Gender Inequality in the Media & Fashion Roundtable’s Inclusion Rider By Lucy Siers

The European Journalism Observatory (EJO) recently analysed the gender diversity in bylines across 11 different European countries. The result echoed the gender imbalances across all creative industries, with women continually falling second behind men.

The EJO Survey

The study consisted of researchers analysing bylines of stories in the selected countries to determine who the writer was and who was pictured in the accompanying images. The 11 countries included in the study were the Czech Republic, Germany, Italy, Latvia, Poland, Portugal, Romania, Spain, Switzerland, Ukraine, and the United Kingdom.

The results found, perhaps unsurprisingly, that men formed the majority of authors.
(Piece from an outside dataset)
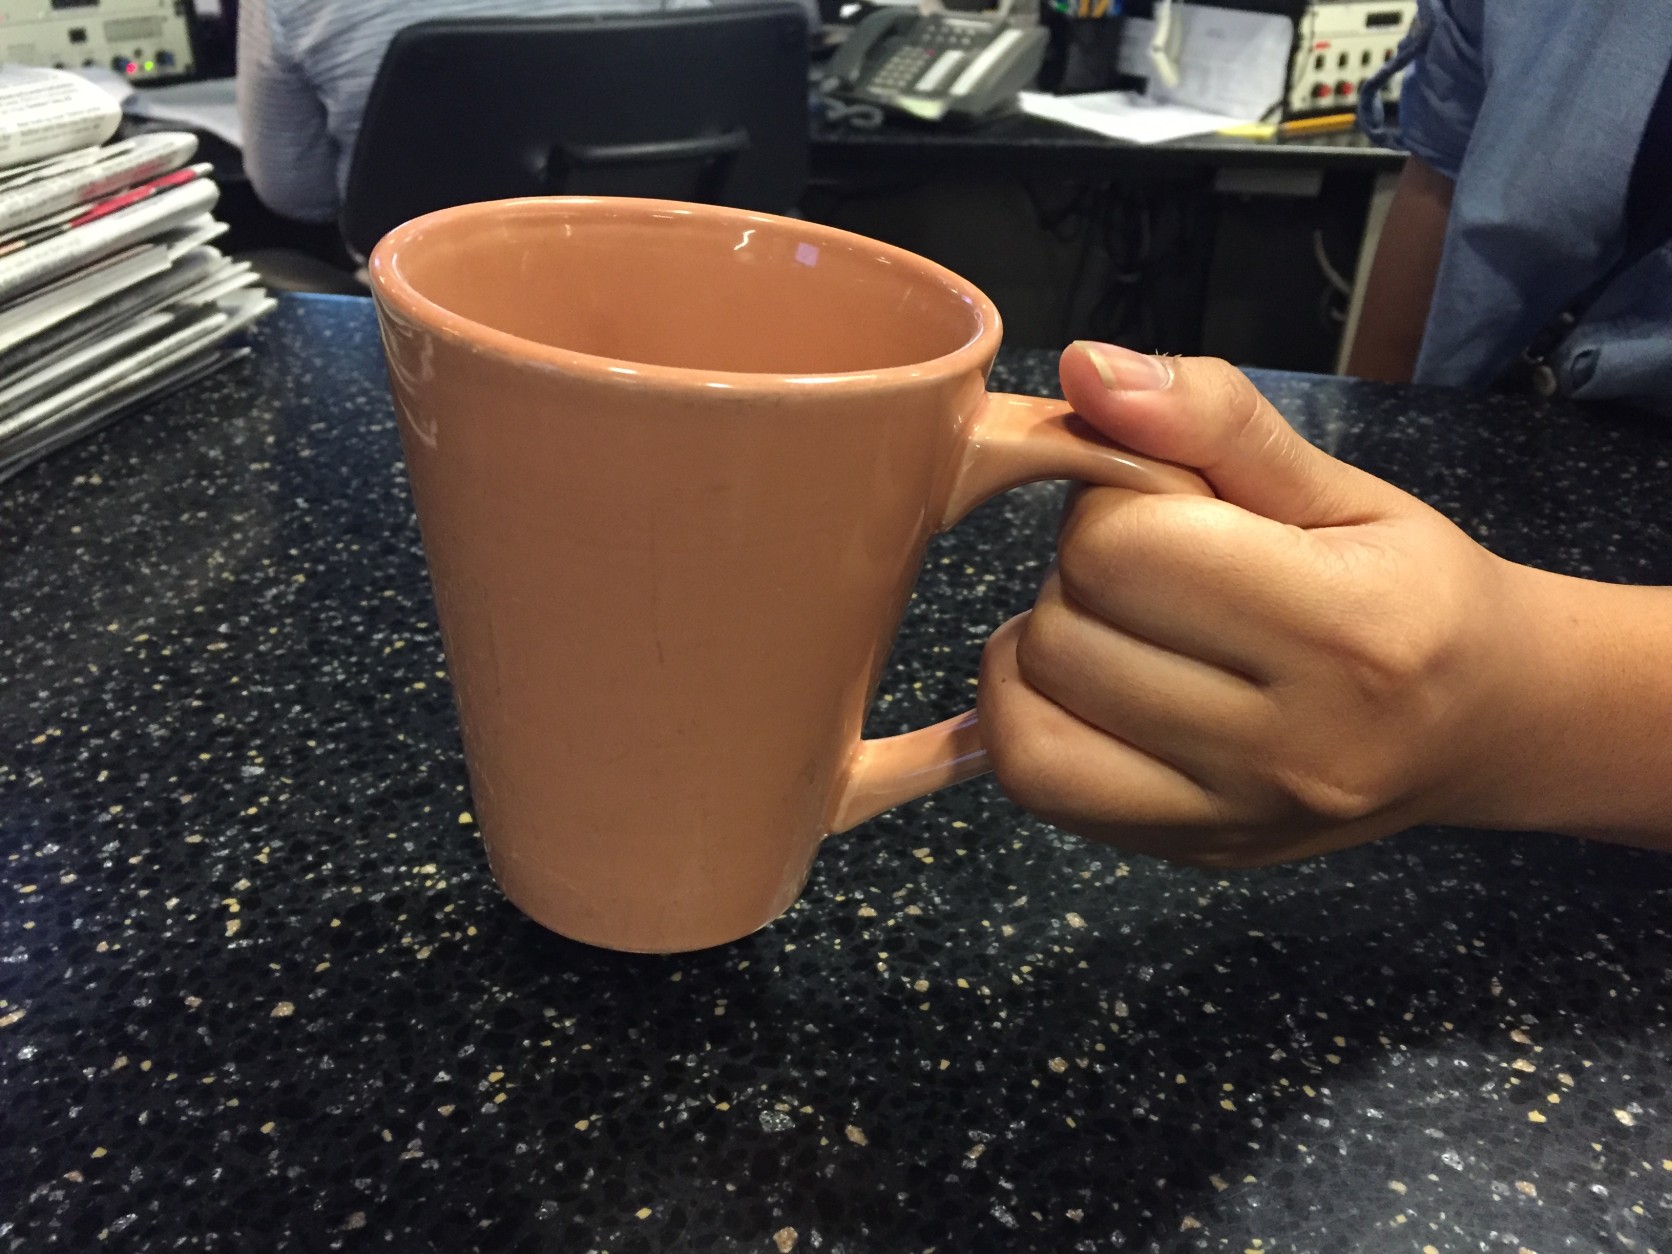 The usual way of holding a coffee cup while walking may not be the best way to avoid spills. (WTOP/Michelle Basch)

Overall, the statistics looked like this:

·      41% of the stories were written by men, 23% by women

·      43% of pictures featured just men, with 15% featuring only women.

Un-bylined/agency articles make up this balance.

The Big Players

Germany and Italy were the 2 countries with the largest gender imbalance. In Germany female authors wrote only 16% of bylines, but males wrote 58%. Italy saw the largest percentage of male bylines with 63%, and 21% female.

Portugal was the only exception to male editorial supremacy, of the 11 countries. Surveyed, with 31% female bylines, and 20% male. However, here 49% of the images used featured only men, and 12% featured only women.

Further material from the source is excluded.